We should all breathe a sigh of relief that the Super Committee seems to have avoided doing further damage to the economy by doing nothing at all.
The economy needs action to stimulate demand and create jobs, but instead we are treated to a spectacle of intransigence on how best to depress the economy even further (the committee’s mandate was to cut spending by at least $1.5 trillion over the next ten years). Give thanks that they couldn’t agree to how this should be done because they should be doing the opposite, spend more money not less.
The $1.2 trillion in ‘automatic’ cuts to spending that are triggered by the failure of the Super Committee to reach an agreement are less damaging than what was on the table – if the automatic curs are even allowed to take effect at all, which is debatable (a number of GOP Senators and House members are already working to stop the defense side of the automatic cuts). Military spending is among the least stimulative of expenditures, and the social expenditure cuts that are triggered along with it are less than what was likely to come out any agreement from Super Committee.
Nevertheless, there IS a long term deficit problem, but the route to fixing it is economically simple even while politically difficult. The major drivers of the deficit are the Bush tax cuts, the ongoing wars and the recession. The first could be eliminated simply by doing nothing and letting them expire; the second is half done with the departure from Iraq; and the recession could be eliminated any time we choose by passing a second stimulus big enough to do the job.

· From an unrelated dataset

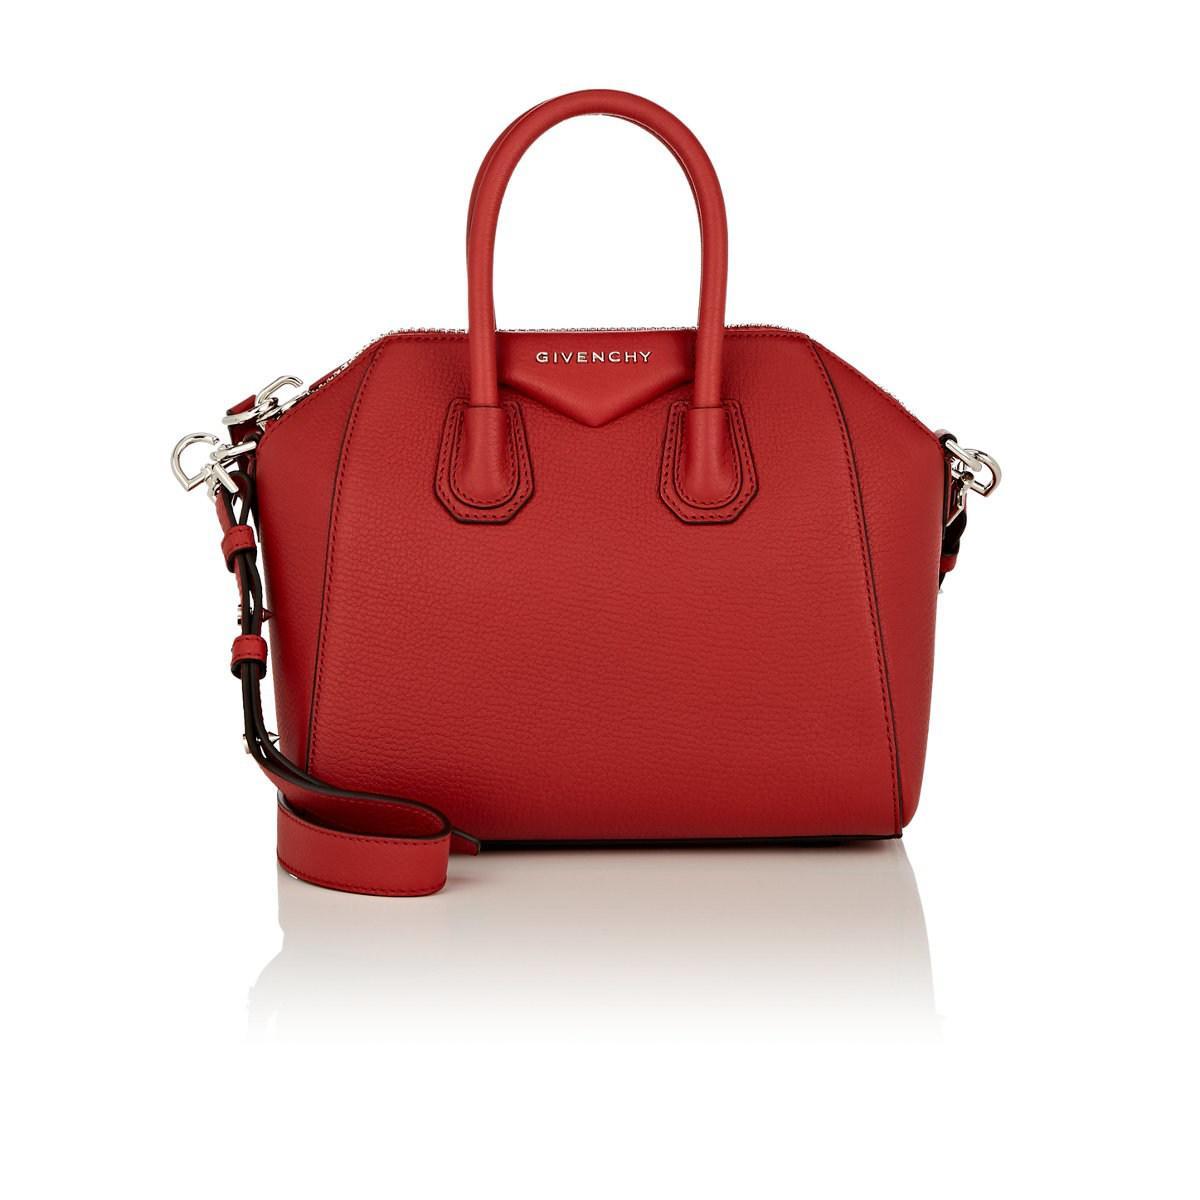 Givenchy - Antigona Mini Textured-leather Tote Red One Size - Lyst. View  fullscreen 3531388731112

Here is a quick prescription for what Congress should do, though in an election year it is probably too much to hope that they will do anything worthwhile:
- We have a long term deficit problem. So stop talking about tax cuts, and let the Bush tax cuts expire as scheduled. If taxes MUST be raised, then raise them on millionaires since that will have the smallest negative effect on current spending. Those millionaires are already buying whatever they want, and raising their personal income taxes from 35% to 39.6% won’t change their personal spending habits by any measurable amount.

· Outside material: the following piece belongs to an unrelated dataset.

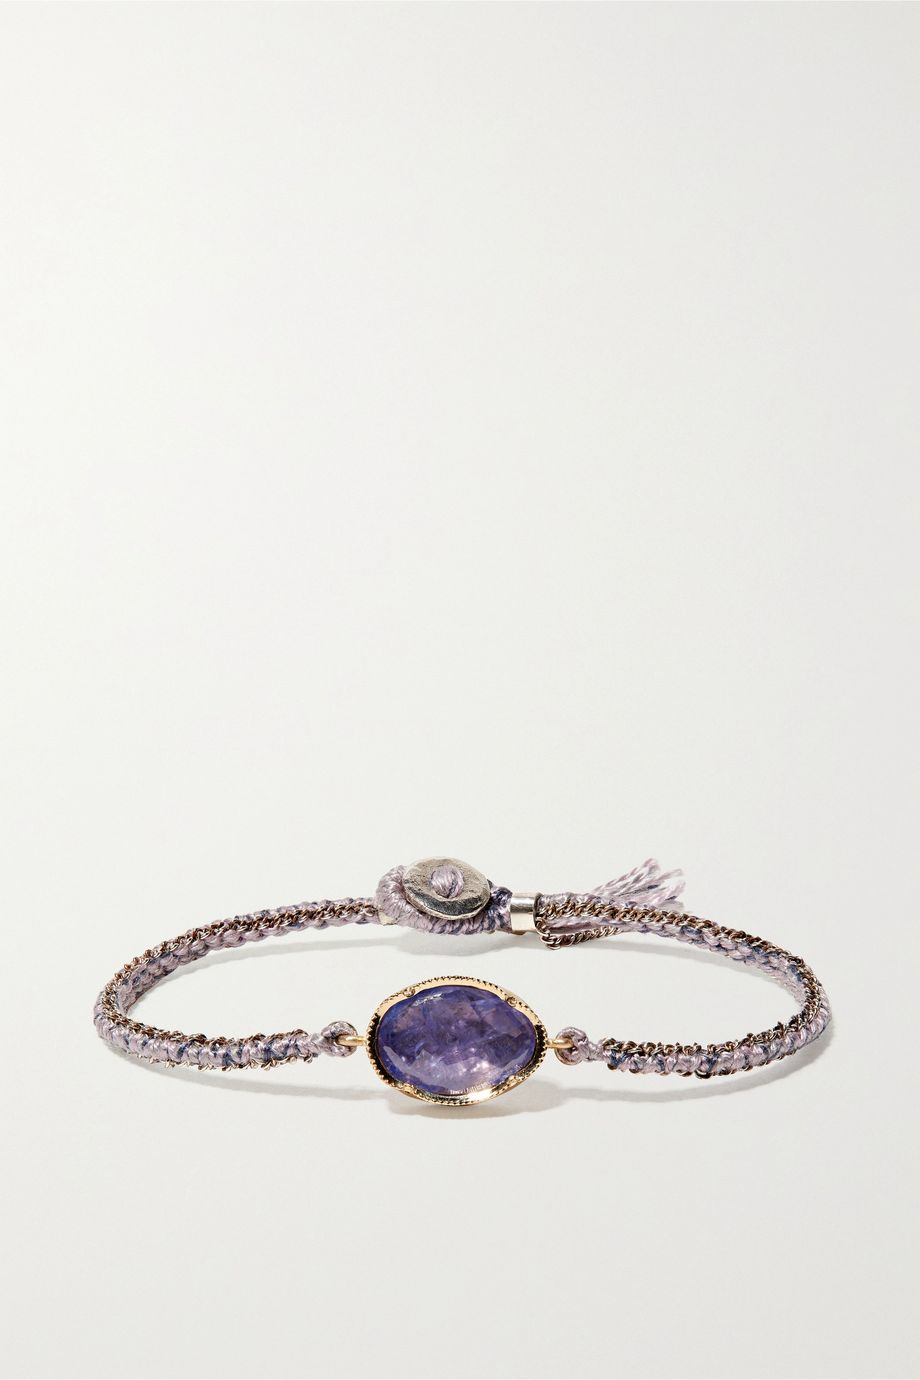 Brooke Gregson Orbit 14-karat gold, sterling silver, silk and tanzanite bracelet

- We are in a recession which is in danger of double dipping. We need to increase temporary spending on infrastructure projects which need to be done anyway, and which are best done when we need the jobs and can borrow the money at near zero percent (which is now). Add to that some extended unemployment benefits and aid to states to avoid firing cops, teachers and firemen, because we know that all of that money will be pumped directly back into the economy.
- Ignore the fantasies of those who think cutting spending in a recession can boost confidence, or even that it can cut the deficit. Deepening a recession with spending cuts will just reduce tax revenues further and leave us no better off, and possible worse off in terms of both the deficit and growth. It bears repeating that we have a direct measure of investor confidence in the interest rates on government bonds. With those rates below 3% for 30 year bonds, below 2% on 10 year bonds, and below 1% on 5 year it is probable that the real interest rate will turn out to be negative if there is much inflation at all. There will never be a better time to borrow money to rebuild roads and schools. The banks are literally PAYING us to take the money.
But will Congress and the President do it? I doubt it. Mr. Obama is threating to veto any attempt to reverse the negative stimulus that the automatic cuts will impose. In economic policy terms, the President is acting more like a moderate Republican than a Democrat. And the Republicans’ economic ideas are just plain nuts. Split that difference and you don’t end up anywhere good.